Dell’essere città di frontiera ha una consapevolezza parziale, sostanzialmente ondivaga. Si è sedimentata in una certa mitologia “ribelle” con le storie di contrabbando (rapidamente trasformate, nella memoria popolare, da attività economiche che sfruttano l’inosservanza della legge in audaci imprese di audacia e scaltrezza), ma risale con evidenza in superficie solo nei momenti più tragici, perché – per il resto – il confine è sempre quella linea impalpabile che si supera con un rapido cenno del capo al doganiere di turno.
Como fu drammaticamente città di frontiera negli anni della seconda guerra mondiale, non solo perché il controllo divenne effettivo (ben più pressante di quello operato durante il primo conflitto mondiale, riguardo a cui la storia più raccontata a cuor leggero resta quella delle scorribande amorose di qua e di là dal confine del maestro Giacomo Puccini), ma perché intorno a quella separazione si giocarono davvero i destini di una moltitudine di persone: gli esuli antifascisti, gli sbandati dopo l’8 settembre e i renitenti alla leva della Repubblica Sociale, le bande partigiane “sconfinate” per sfuggire ai feroci rastrellamenti nazifascisti. Vicende quasi scivolate via dalla memoria del territorio, ma che si possono “facilmente” recuperare grazie alla documentazione storica (e fotografica: basti pensare alle straordinarie immagini di Christian Schiefer, raccolte nella Guerra vista dal Ticino).
Nei mesi della repubblica fascista e dell’occupazione nazista, intorno al confine si consumò anche il dramma delle tante famiglie ebraiche che cercarono scampo in Svizzera, attraverso quella sottile linea di frontiera che sembrava così facilmente superabile.
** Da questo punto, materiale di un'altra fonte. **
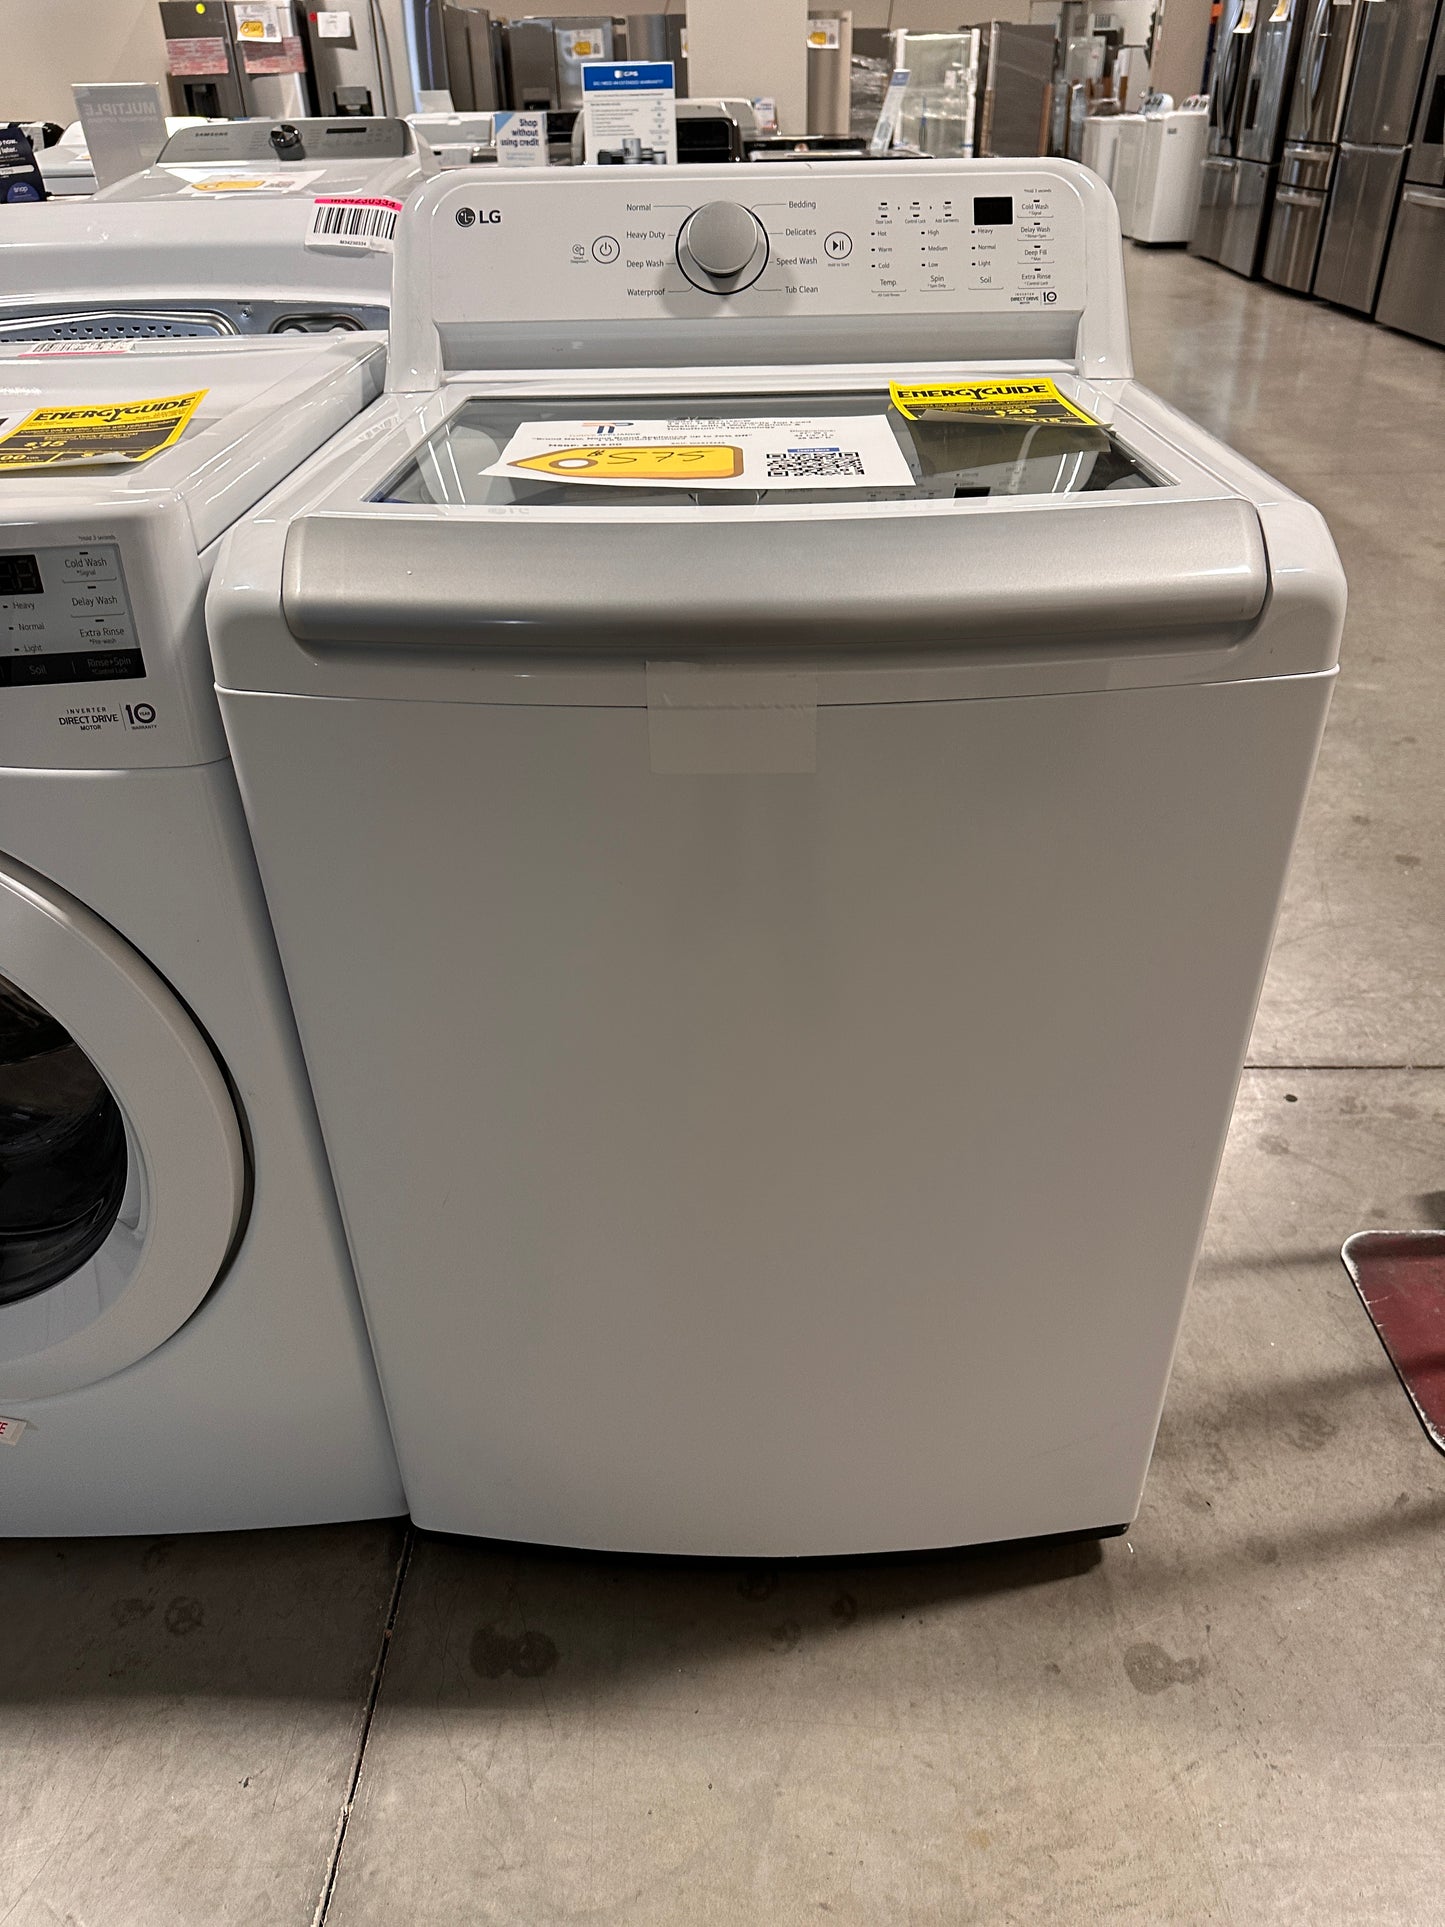 Smart Top Load Washer with 4 Way Agitator - White  MODEL:WT7155CW  WAS13246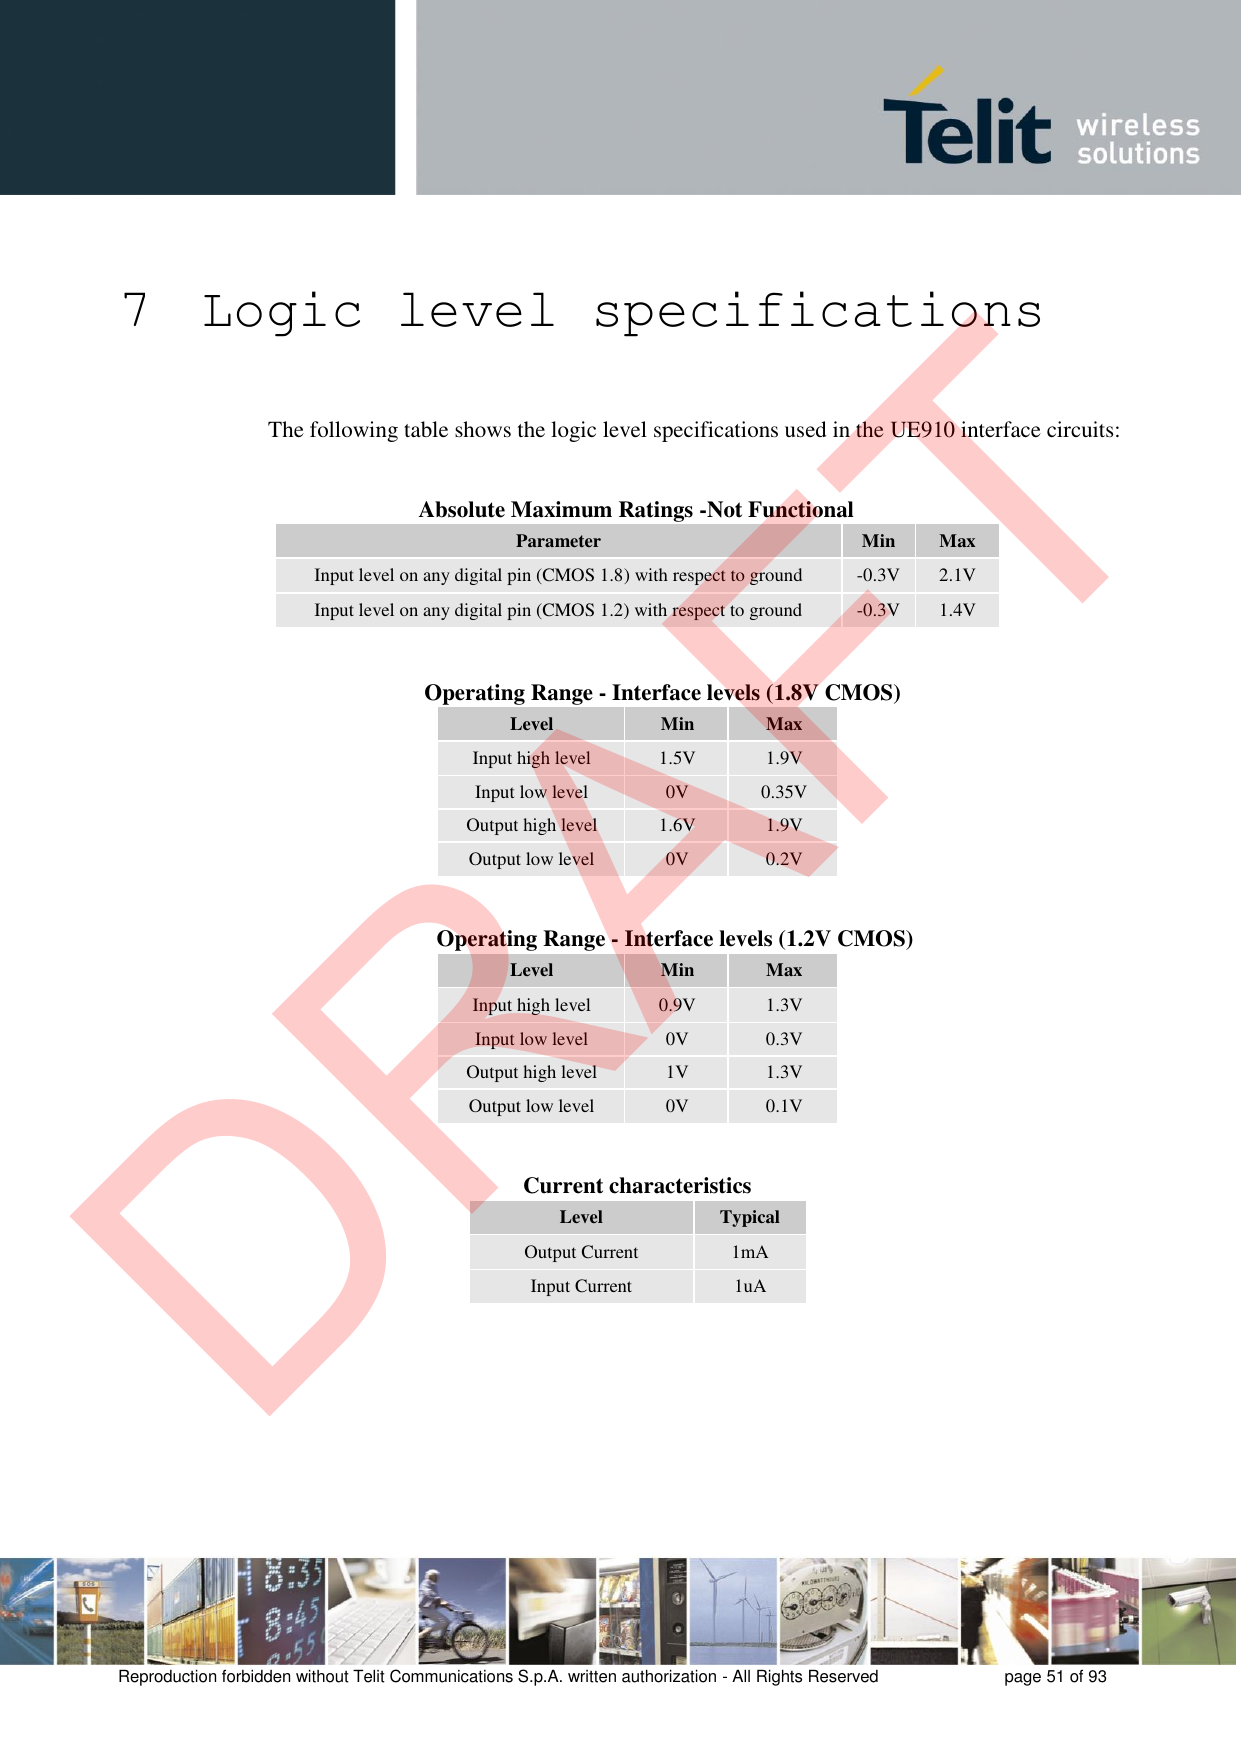 Reproduction forbidden without Telit Communications S.p.A. written authorization - All Rights Reserved  page 51 of 93 7 Logic level specifications The following table shows the logic level specifications used in the UE910 interface circuits:       Absolute Maximum Ratings -Not Functional Parameter Min Max Input level on any digital pin (CMOS 1.8) with respect to ground -0.3V2.1V Input level on any digital pin (CMOS 1.2) with respect to ground -0.3V1.4V        Operating Range - Interface levels (1.8V CMOS) Level Min Max Input high level 1.5V 1.9V Input low level 0V 0.35V Output high level 1.6V 1.9V Output low level 0V 0.2V Operating Range - Interface levels (1.2V CMOS) Level Min Max Input high level 0.9V 1.3V Input low level 0V 0.3V Output high level 1V 1.3V Output low level 0V 0.1V Current characteristics Level Typical Output Current 1mA Input Current 1uA DRAFT

Molti ce la fecero, in effetti, grazie anche alle numerose reti di supporto allestite in molti paesi del territorio (spesso con il fondamentale coinvolgimento dei parroci), ma tante altre persone in quella rete restarono impigliate: respinte e poi facilmente rimosse dalla memoria.
Così, quando altri drammi si ripresentarono su quella stessa frontiera, qualche decennio dopo, con la presenza dei migranti respinti al confine, la coscienza cittadina ha faticato a recuperare quelle storie e a ritrovare l’indispensabile consapevolezza di essere città di frontiera.
Nell’estate 2016 centinaia di migranti dovettero accamparsi nei giardini avanti la stazione ferroviaria di Como, proprio perché avevano provato a seguire quel percorso attestato da secoli – dal Mediterraneo all’Europa centrale –, ma ne erano stati impediti dalle regole della modernità.
La frontiera si era di nuovo chiusa per loro, mentre una larga parte della città continuava a chiedersi cosa ci facessero lì, incapace di capire che quello era il drammatico esito di una storia non ancora del tutto compresa, non “elaborata” nei suoi tratti fondativi, e men che meno “arricchita” dalla conquista dei diritti fondamentali delle persone.
Superficialmente fidandosi del radicale ribaltamento del concetto stesso di rete: se negli anni della seconda guerra mondiale la “rete” era quella intrecciata di filo di ferro sul confine, all’inizio del Terzo Millennio la “rete” evoca la connessione globale, continua e infinita del mondo virtuale e dei trasporti.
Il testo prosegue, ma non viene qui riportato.